Considerando os princípios constitucionais que norteiam as ações da Administração Pública, notadamente o da probidade, transparência e legalidade; a possibilidade da Administração Pública rever, a  qualquer tempo, seus atos, resguardando os interesses de terceiros de boa fé; a igual possibilidade de ex- ofício anular seus próprios atos sempre que reconhecer nulidade jurídica dos mesmos; e, finalmente, o princípio da precaução, ao tratar de intervenções urbanísticas que poderão trazer prejuízos ambientais irreparáveis, além de uma pesada sobrecarga à estrutura viária e forte impacto à estrutura comercial do Centro Histórico da Capital, o Movimento em Defesa da Orla do Rio Guaíba vem respeitosamente dirigir-se a V. Sª. em relação ao Projeto de Revitalização do Cais do Porto.

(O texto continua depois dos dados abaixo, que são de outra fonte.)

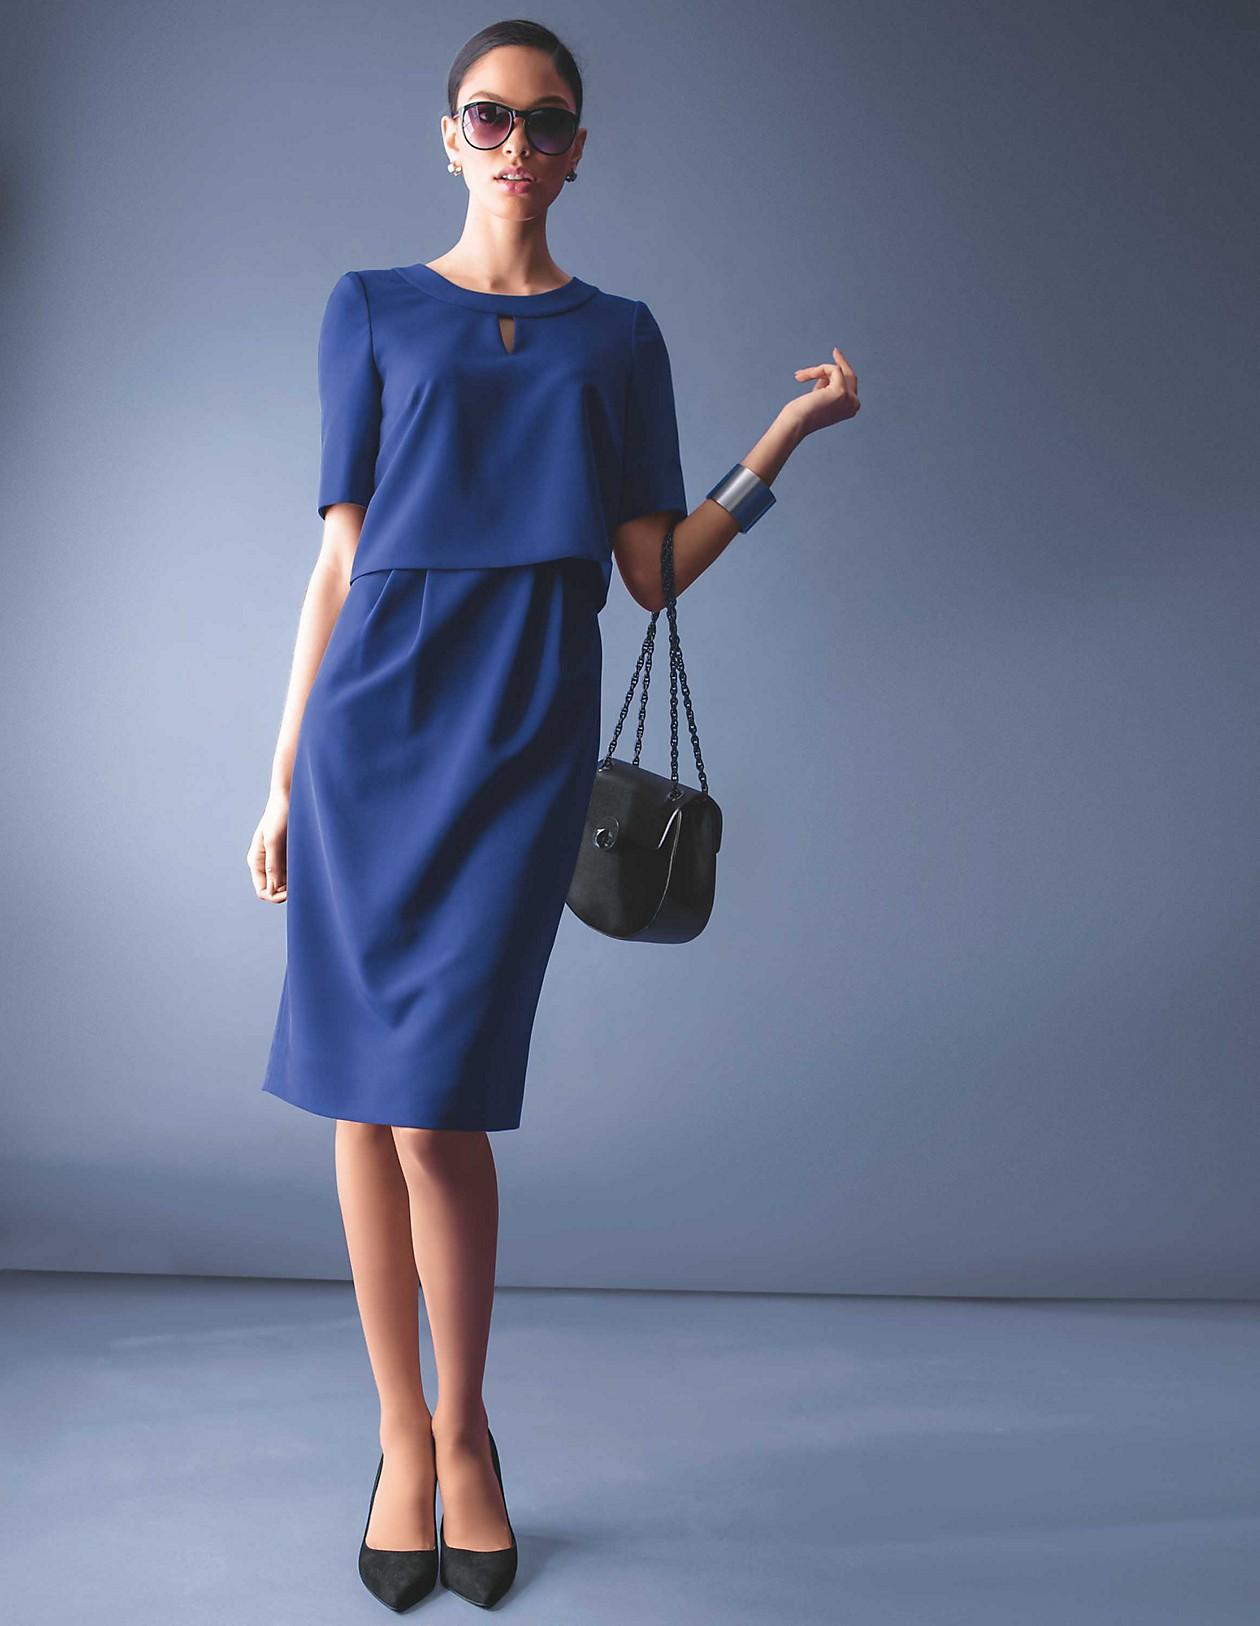 new product da6e5 4c74c Kleid im Layer-Look, tintenblau, blau | MADELEINE Mode

Entendemos que a revitalização do Cais do Porto é útil, necessária e boa para a cidade. O uso daquele espaço, que hoje se encontra subutilizado, oportuniza e qualifica a relação das pessoas com o rio. A  recuperação dos velhos armazéns e a posterior utilização com atividades de interesse e com acesso universalizado, é um sonho a ser perseguido, no entanto vários aspectos do projeto nos trazem algumas preocupações que passamos a relatar:

Chamamos a atenção, no entanto, para a relação custo benefício dos acordos possibilitados pela Lei Municipal entre o setor público e o privado: para recuperar uma dúzia de armazéns, a cidade entrega para a especulação privada uma das suas áreas mais nobres, alterando o seu regime urbanístico com uma permissividade tal, que ali se extrapola todas as regras do Plano Diretor do município; são autorizadas a construção de torre com 100 m de altura à beira do rio (próximo à rodoviária) e de um prédio com taxa de ocupação de 90% na base e altura semelhante a da Usina do Gasômetro, logo ao seu lado. Este nos parece ser um preço alto demais a ser pago pela cidadania local, que em sua maioria ficará à margem deste território, utilizando quanto muito os seus armazéns.

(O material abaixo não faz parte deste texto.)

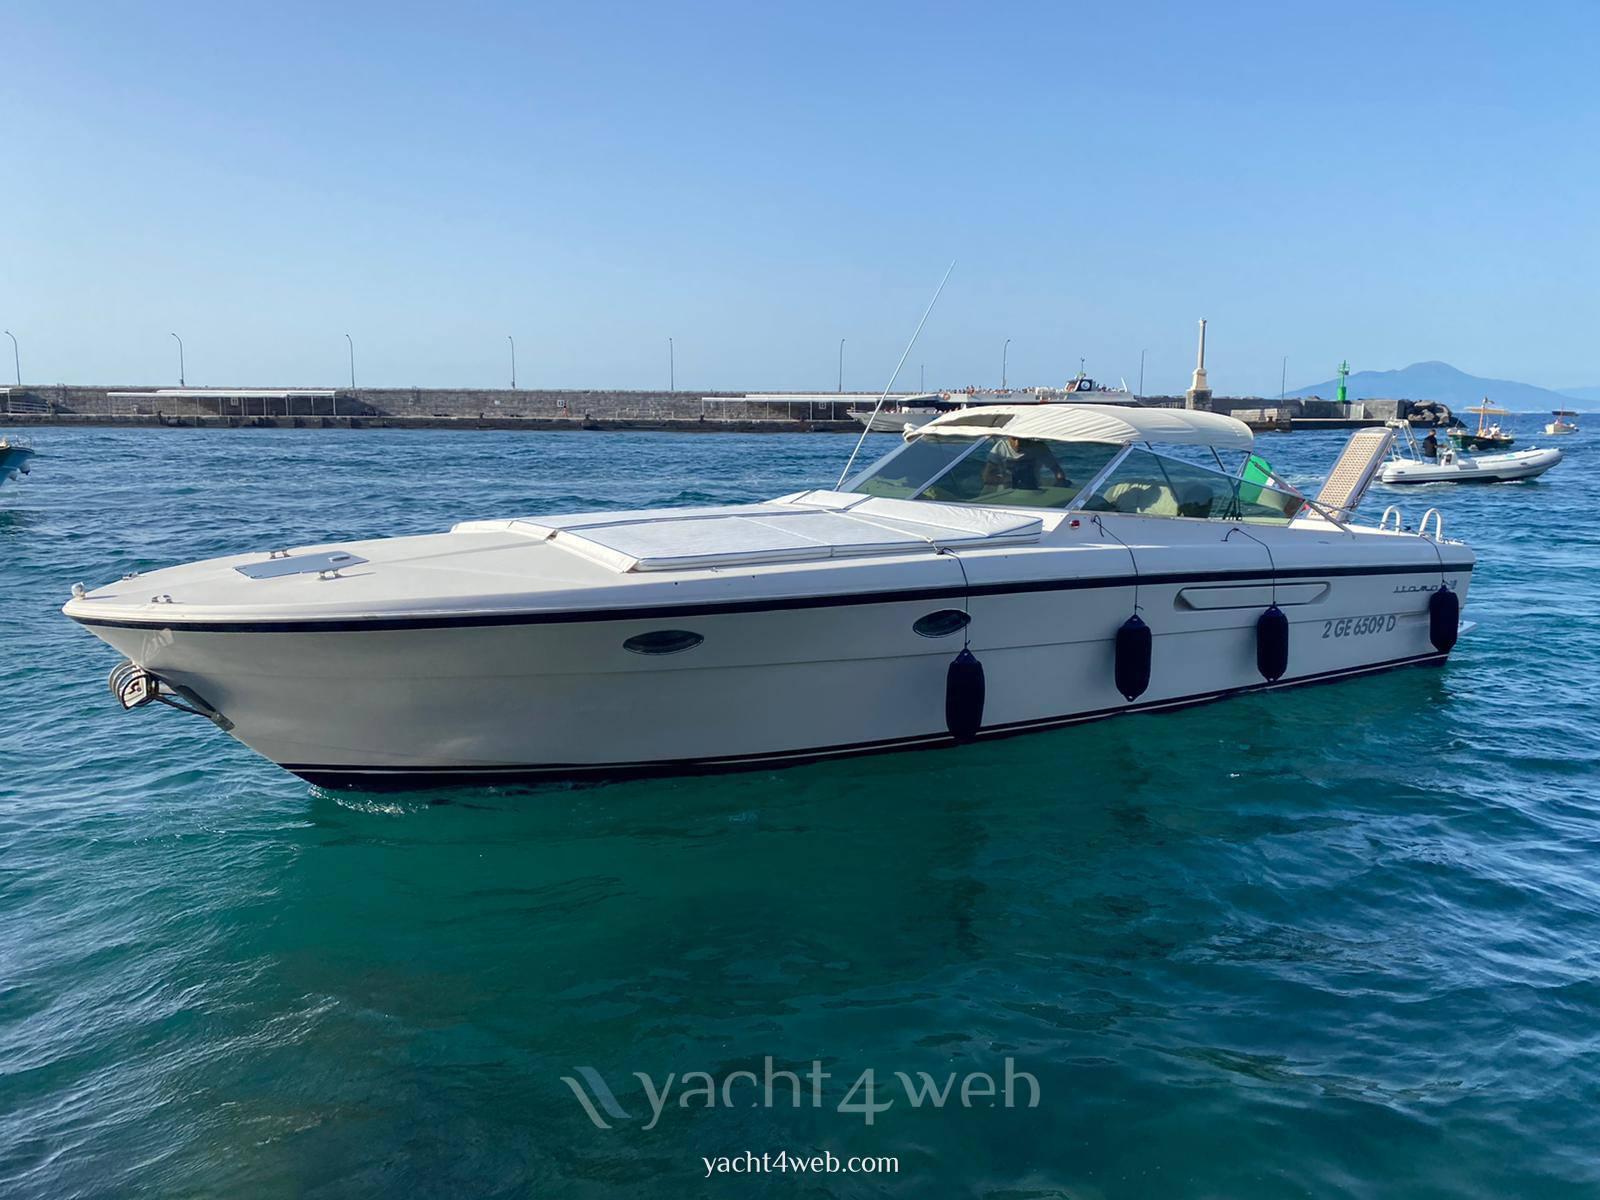 itama 38 Barca a motore usata in vendita

O processo de licitação, que adjudicou o projeto vencedor (único), esteve envolto em circunstâncias  estranhas, como por exemplo: É justo e ético a mesma empresa que teve todo o tempo para preparar os estudos preliminares, participar da licitação sendo a única vencedora? Existe tratamento isonômico nos prazos exíguos fixados para apresentação dos projetos, que possibilitariam, naturalmente, somente à empresa que elaborou os estudos preparar o projeto em tempo hábil para participação na concorrência?

As agressões ao ambiente natural e a carga sobre uma área ambientalmente vulnerável, com alocação de espaço para flat (residência temporária – o que foi rejeitado pela população na votação do “Pontal do Estaleiro”), escritórios e shoppings à beira do rio, gerando grande demanda de esgoto cloacal e produção  significativa de resíduos; Aniquila com a identidade local, à medida que transforma totalmente a paisagem urbana que dá o nome à cidade; Porto Alegre vista a partir do Rio, jamais será a mesma, transformado com aspecto exótico, o Cais do Porto em nada lembrará a porta de entrada histórica da nossa capital.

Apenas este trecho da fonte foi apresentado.